It has been two years since the launch of Wealth Management Connect (WMC) in the Greater Bay Area (GBA). This month, regulators have unveiled revised implementation measures to better support and supervise the scheme, marking the launch of an upgraded version of the cross-border investment scheme.
Compared to its predecessor, WMC 2.0 introduces optimizations in investor eligibility, participating institutions, qualified investment products, and individual investor quotas.
WMC started its pilot phase in September 2021 under the supervision of regulatory authorities in mainland China, Hong Kong and Macau. As of the end of October this year, WMC has attracted 62,900 retail investors in the GBA, with 44,600 from Hong Kong and Macau and 18,300 from mainland China. There were about 35,500 transactions under WMC, totalling 8.66 billion yuan (US$1.21 billion), according to the latest data from the Guangdong branch of the People's Bank of China.
Under WMC 2.0, the entry threshold for mainland Chinese investors in the southbound trading channel has been reduced from payment of social security or personal income tax for five consecutive years to two years. This relaxation broadens the target customer base, particularly catering to the emerging presence of the younger Generation Z in the investment and wealth management space.
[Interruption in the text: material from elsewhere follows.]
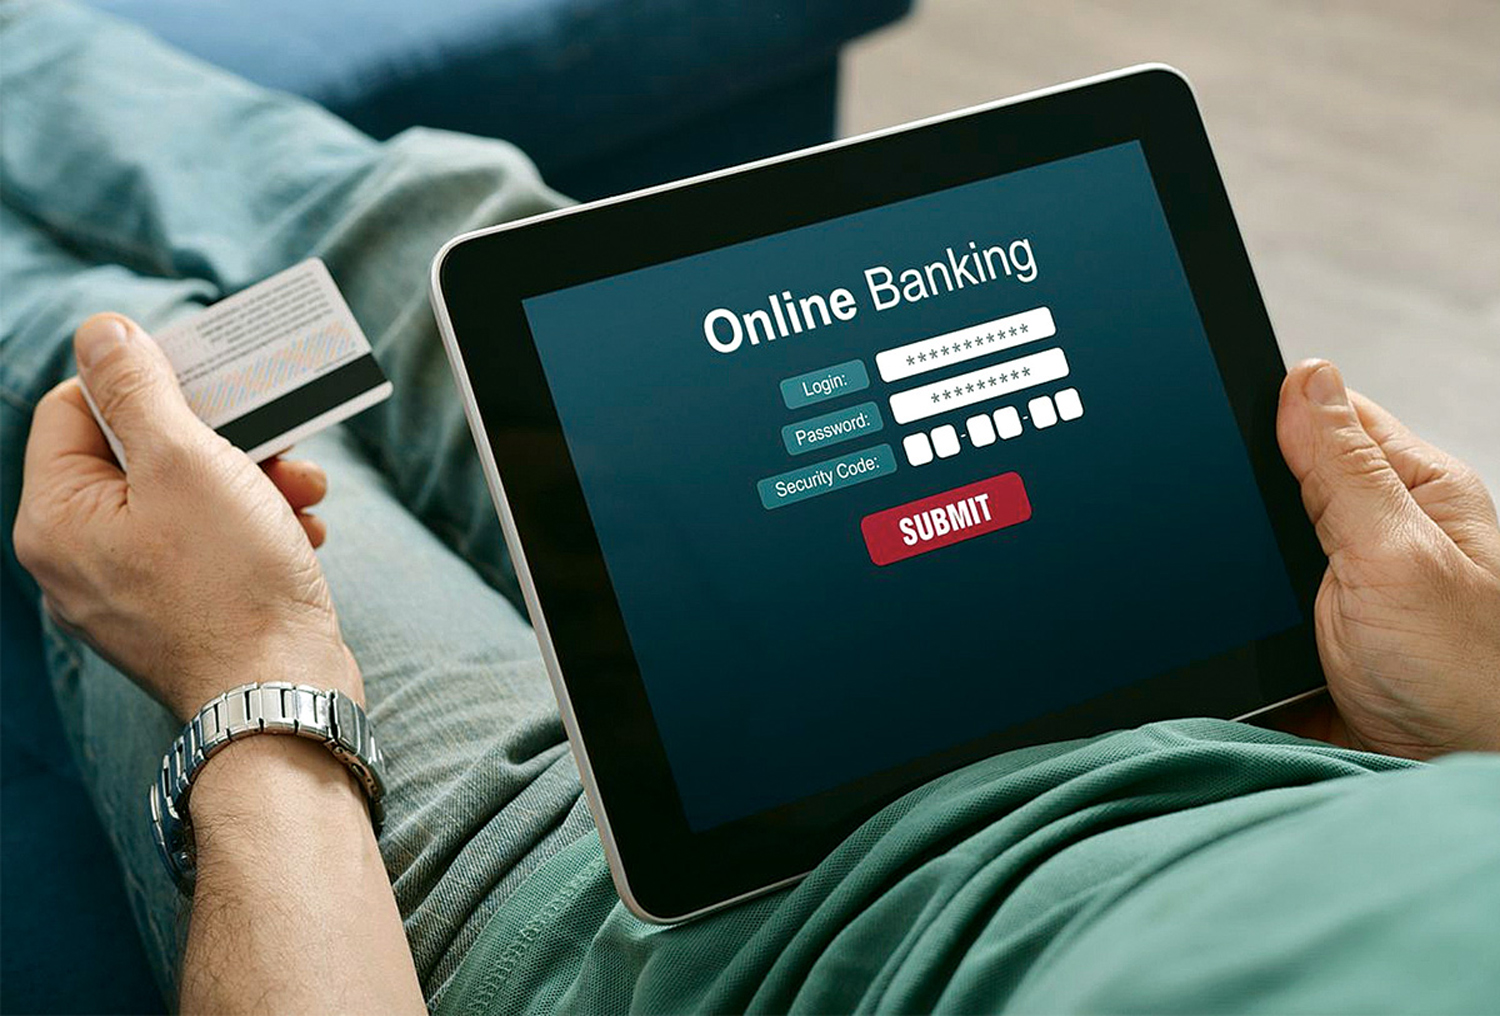 Image is of Internet Banking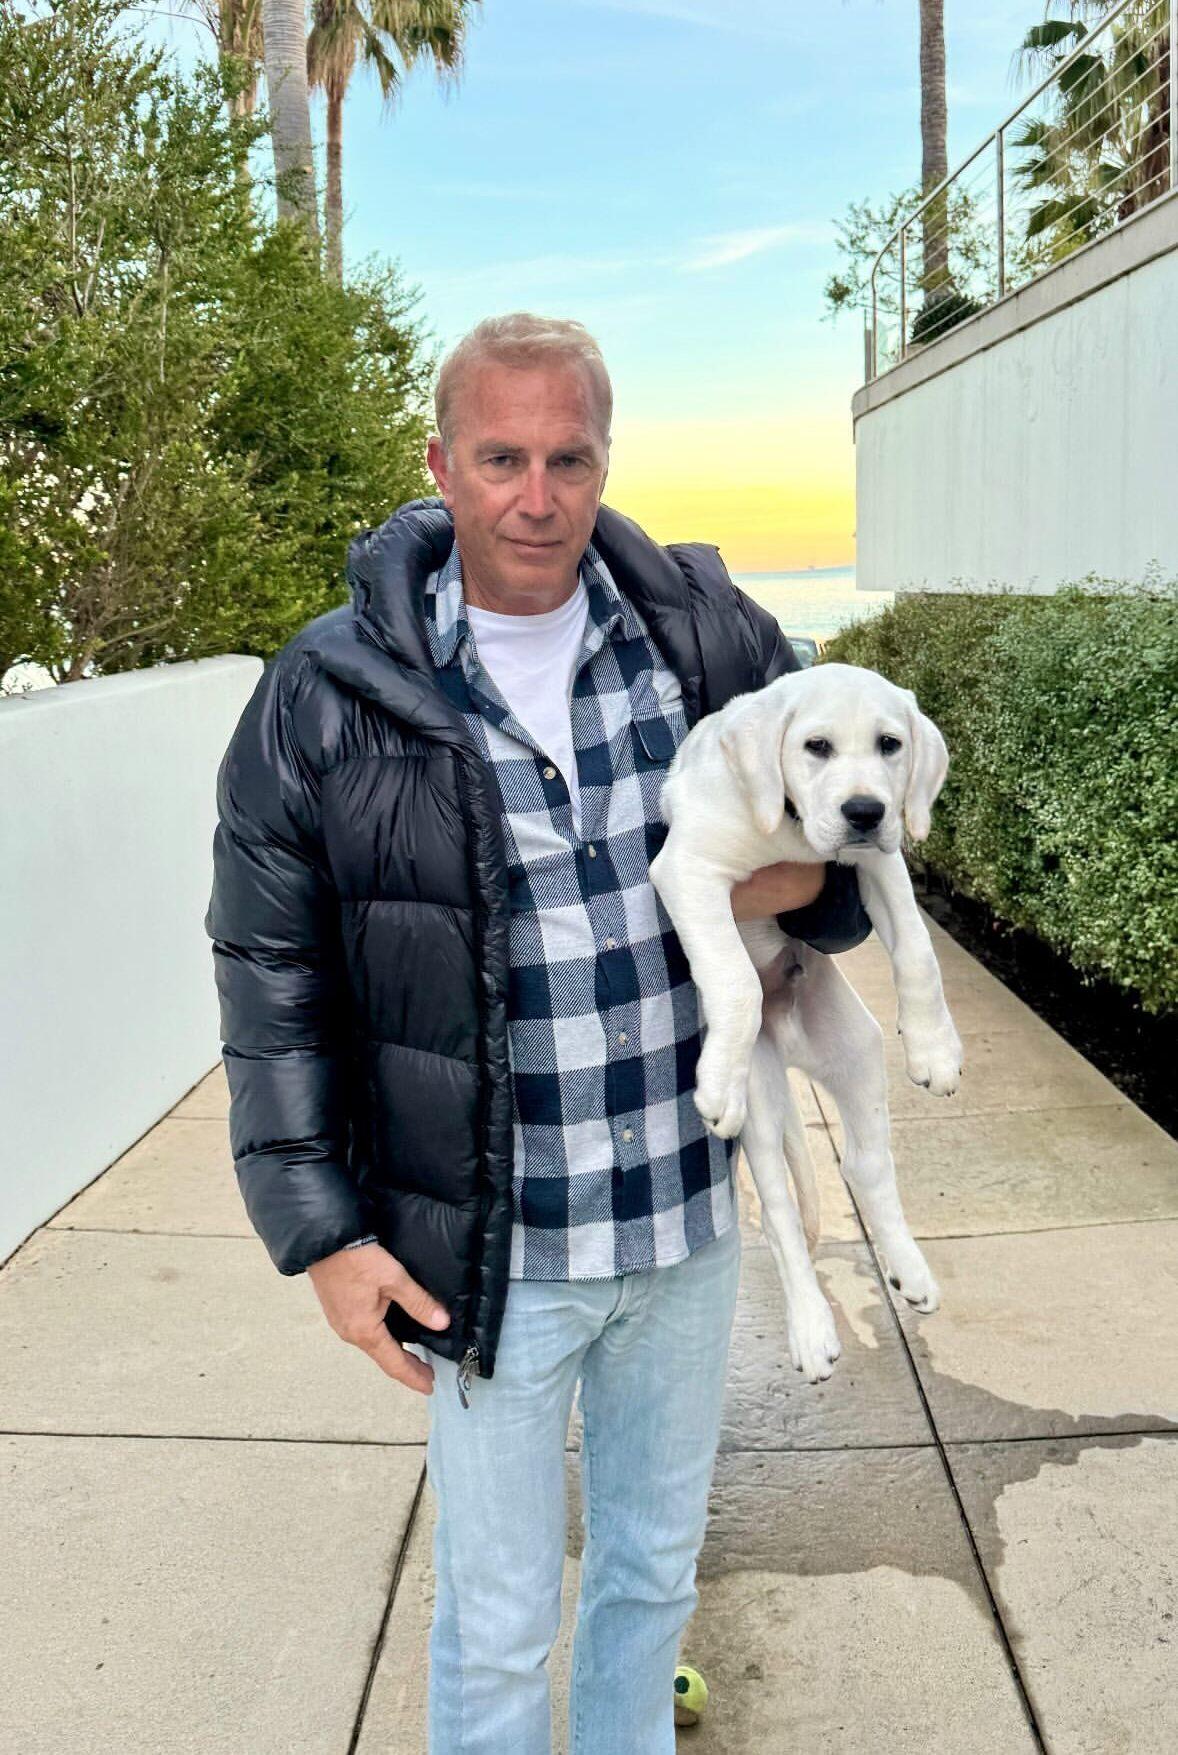 Kevin Costner Posts Cute Pics Of New Puppy Amid Ex-Wife's Romance With His Banker Friend

In addition, the retail investor's investment quota has been raised to 3 million yuan from 1 million yuan. For those using both banks and securities firms as investment channels in the pilot programme, each channel now offers a personal quota of 1.5 million yuan.
The range of eligible products has widened as well, with the inclusion of renminbi deposit products distributed by mainland Chinese banks in the northbound trading channel. Additionally, the range of eligible mutual funds investing into securities has been extended from "R1 to R3 risk levels" to "R1 to R4 risk levels", excluding commodity futures funds. Version 2.0 also allows the participation of more securities firms.
The cross-border investment scheme seeks to further energize the wealth management markets in the GBA, strengthening the interconnection between the capital markets of Hong Kong and mainland China and offering more diverse asset allocation opportunities for a broader scope of investors.
By revising relevant regulations, WMC 2.0 seeks to align more closely with the development of the GBA, offering unique opportunities with regulatory support for investors and financial institutions in the area.
For retail investors, the relaxation on the entry thresholds and simplified procedures provide greater flexibility in selecting investment products. Version 2.0 is more able to cater to their demand for cross-border asset allocation.
Banks have already commenced preparations for WMC 2.0 in terms of business development, administration processes, and systems improvement.